DATA SEGMENT =

== Segment start ==

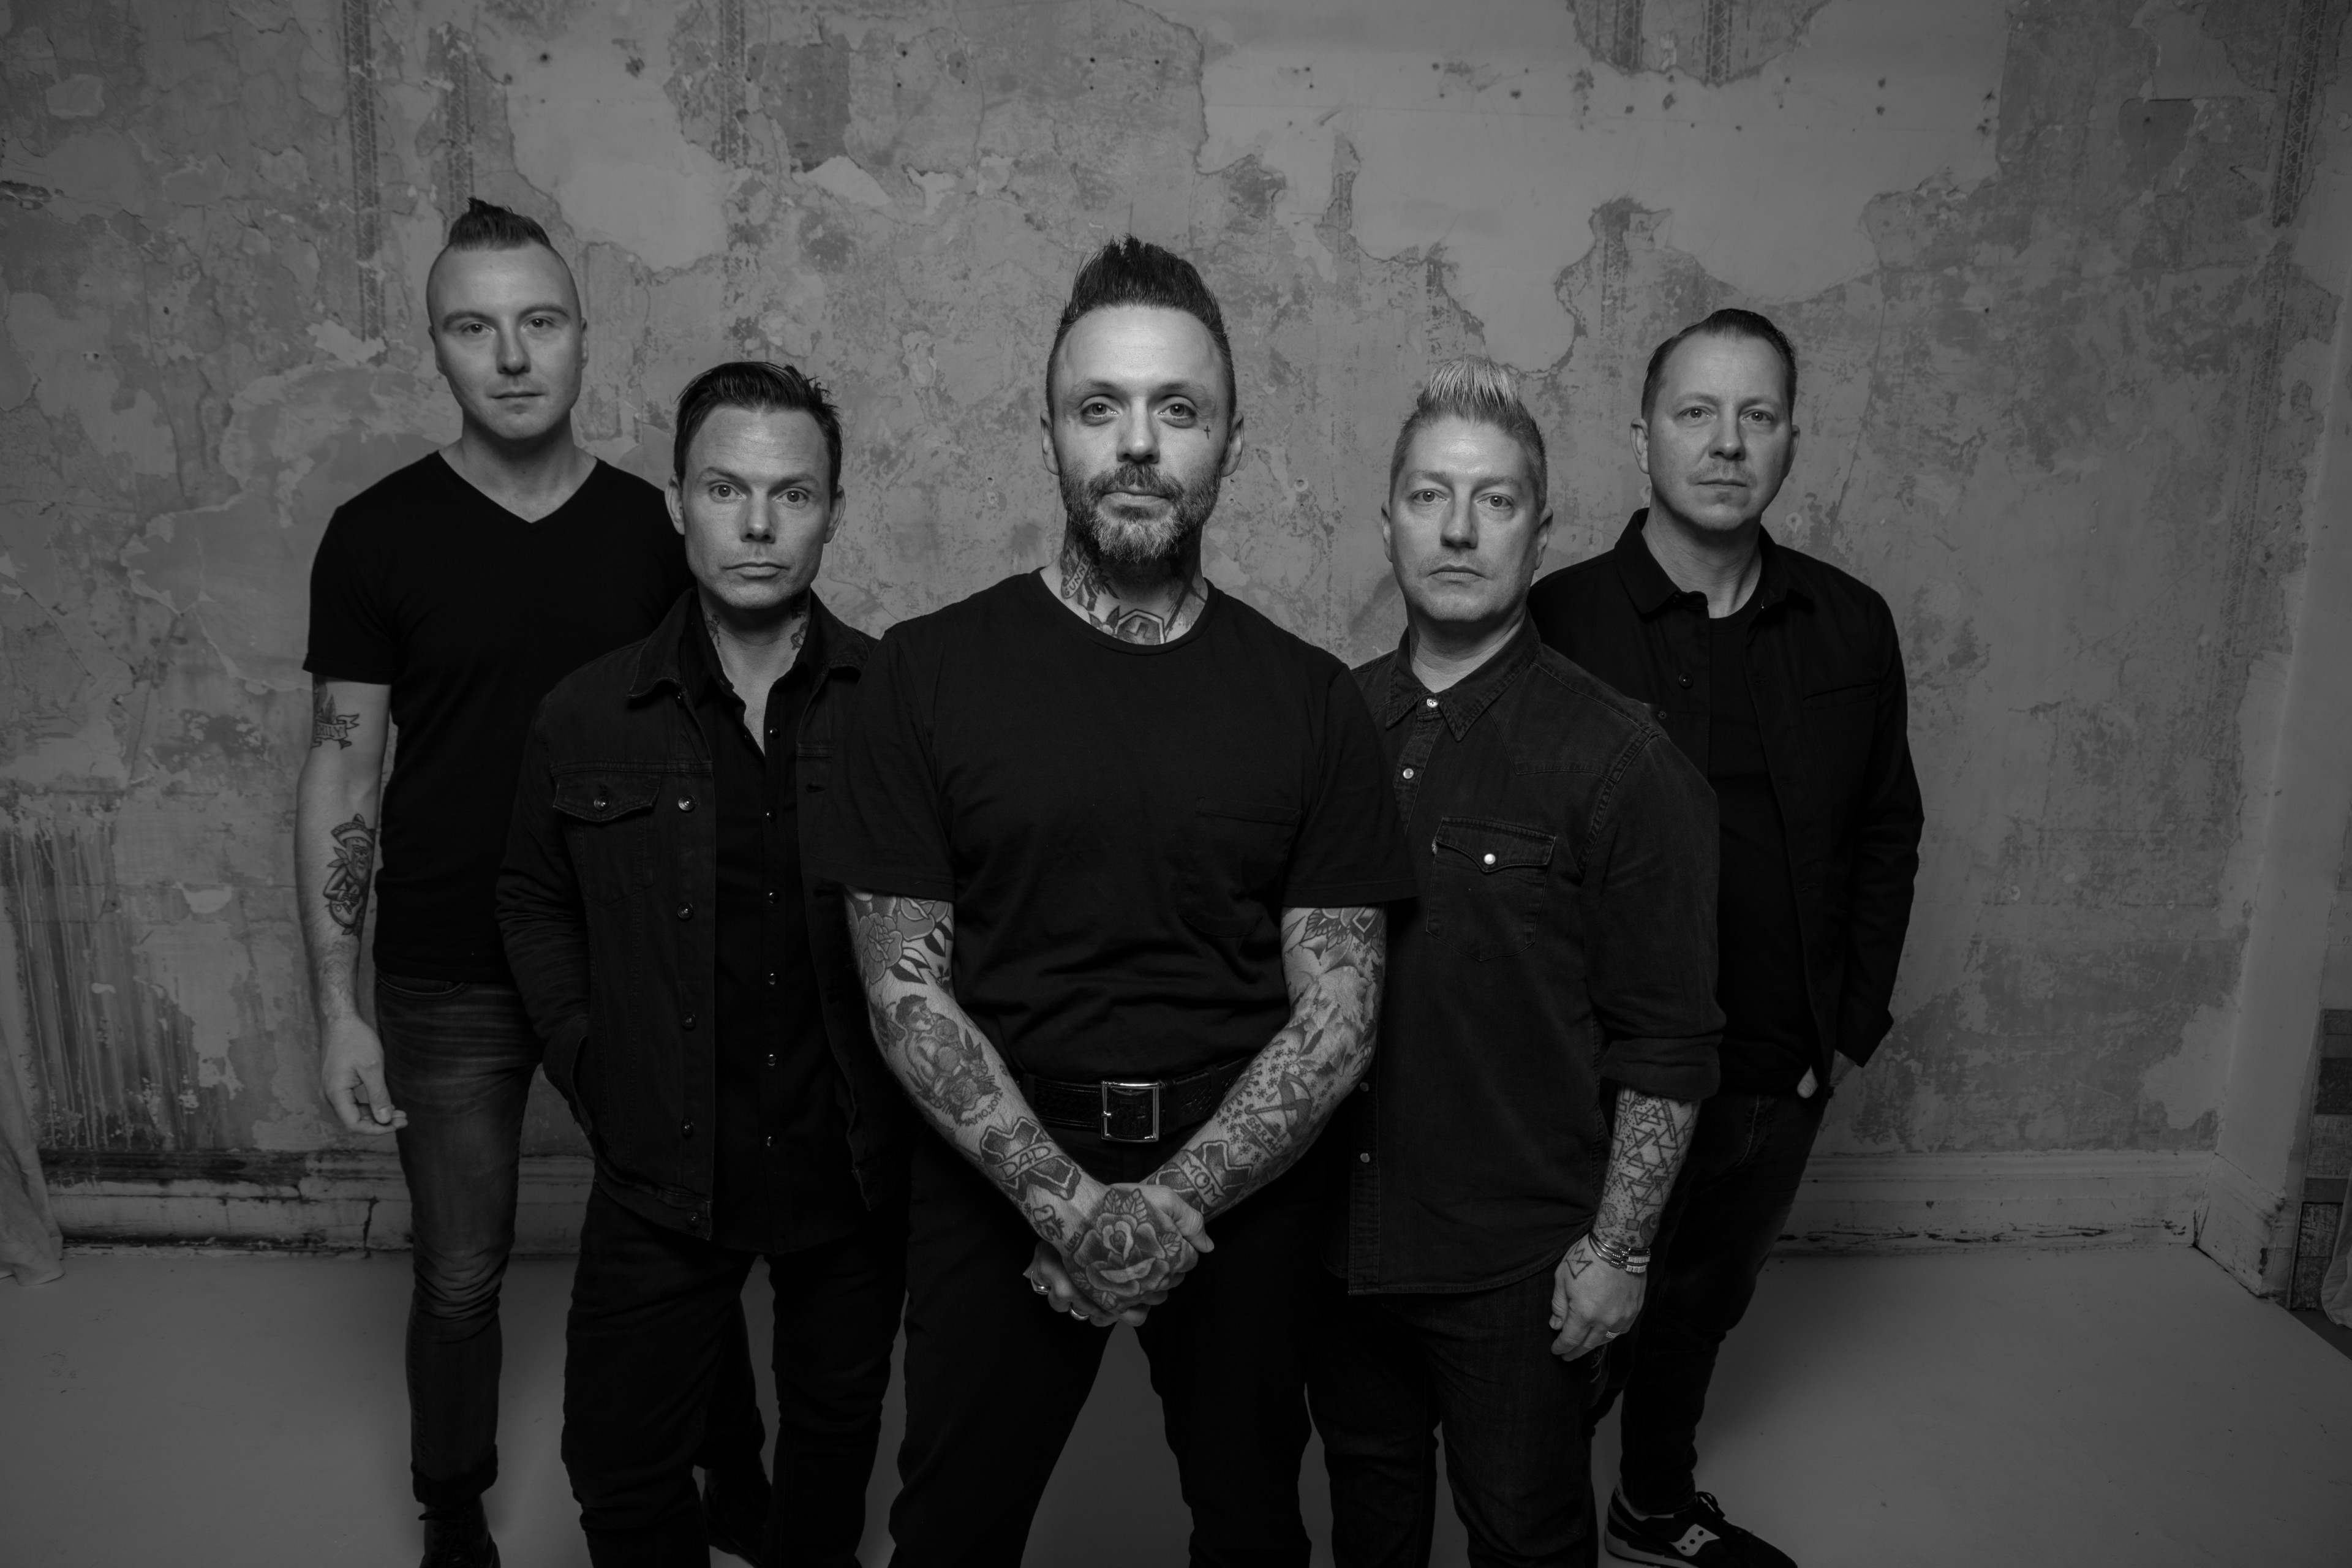 Blue October Discusses Capturing Immediacy and Emotion With ‘This Is What I Live For’
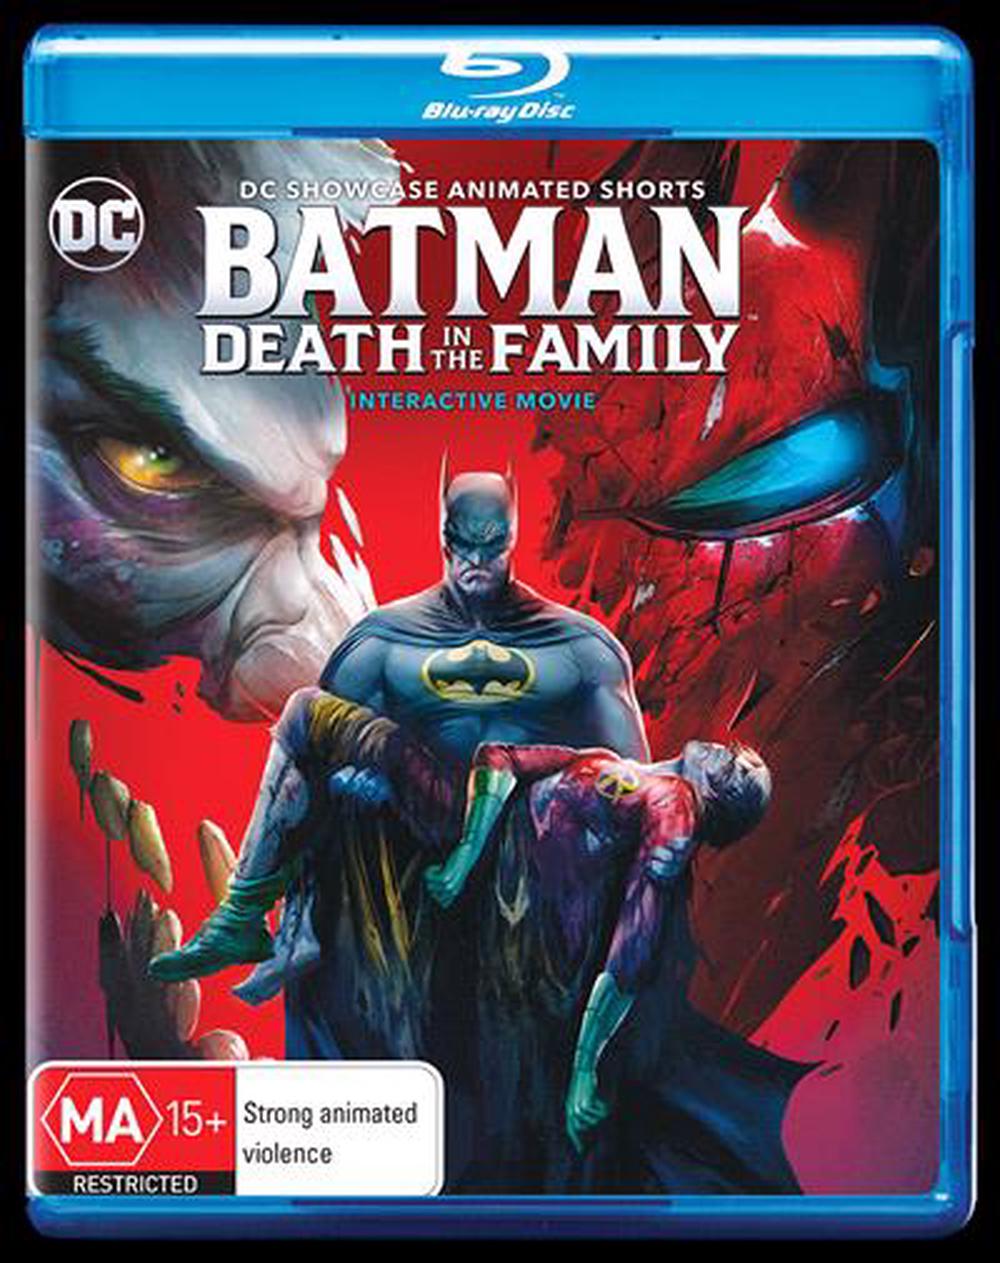 DCU - Batman - Death In The Family, Blu-Ray | Buy online at The Nile
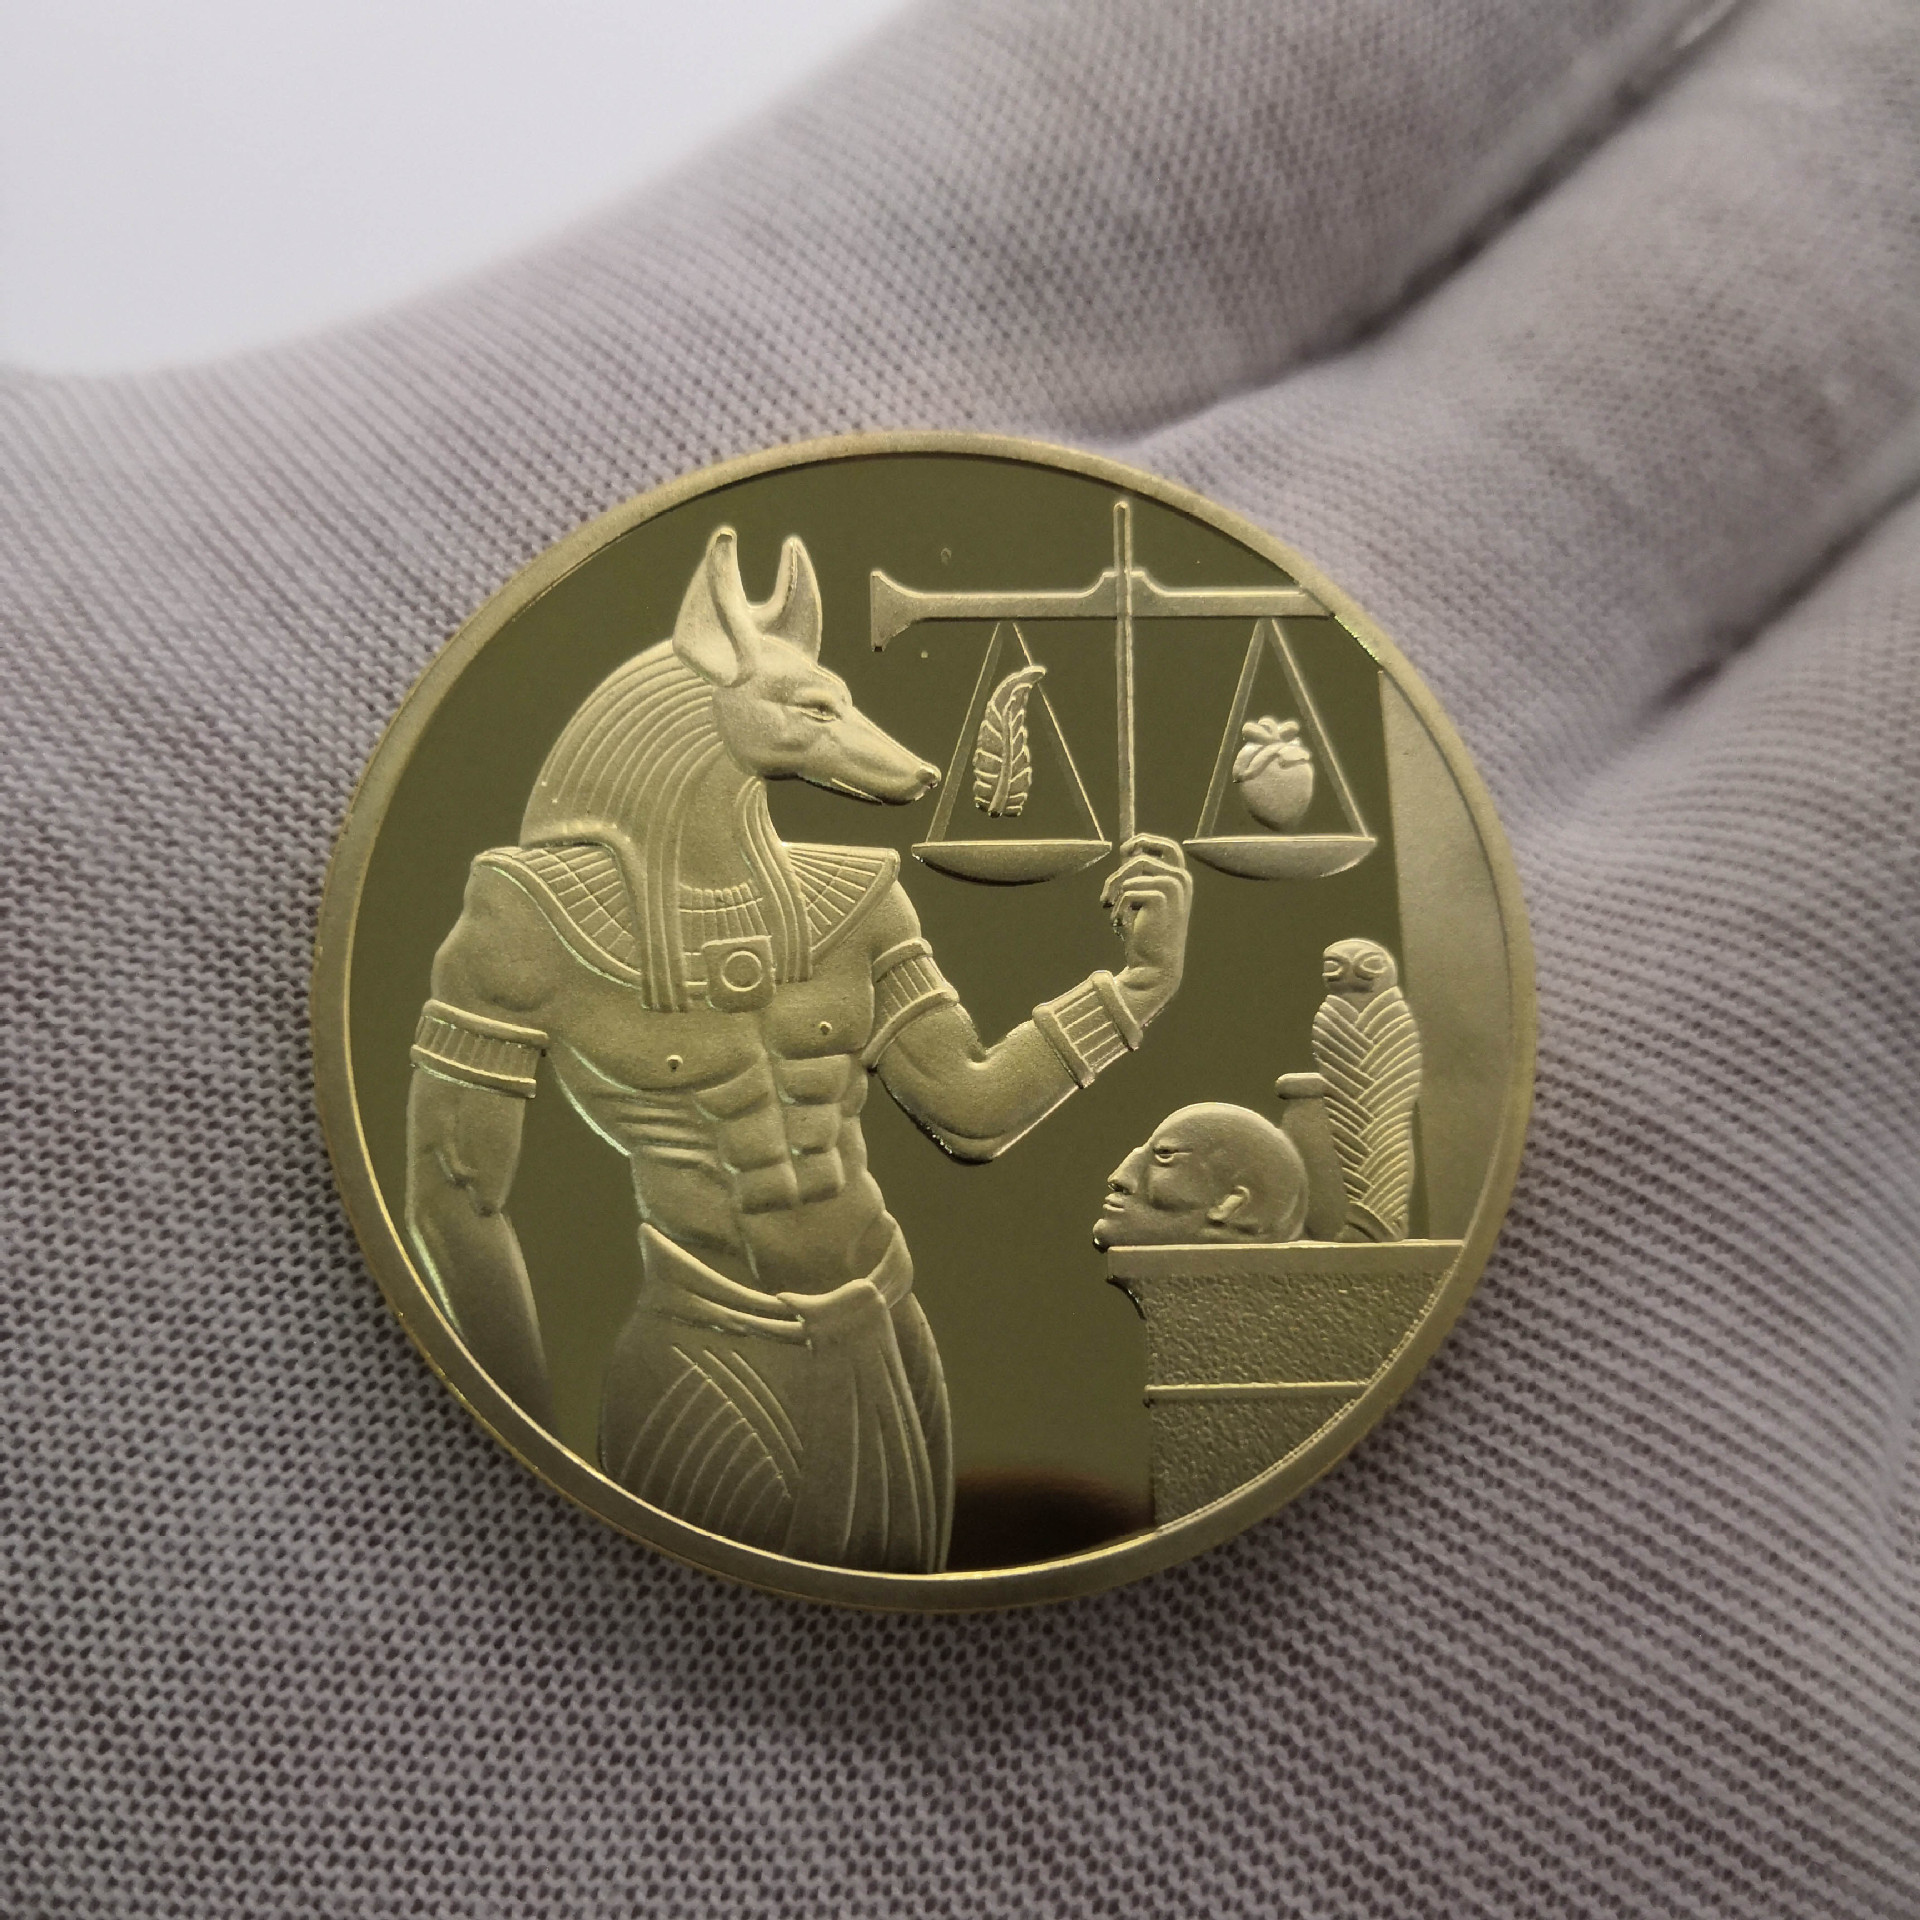 Arts and Crafts Commemorative coin of ancient Egyptian pharaoh Anubis commemorative coin gold coin

== Segment end ==

PROBLEM REQUIREMENTS =
Return all the lines above exactly; none of the pictures should appear.

TASK OUTPUT =
 Blue October Discusses Capturing Immediacy and Emotion With ‘This Is What I Live For’
 DCU - Batman - Death In The Family, Blu-Ray | Buy online at The Nile
 Arts and Crafts Commemorative coin of ancient Egyptian pharaoh Anubis commemorative coin gold coin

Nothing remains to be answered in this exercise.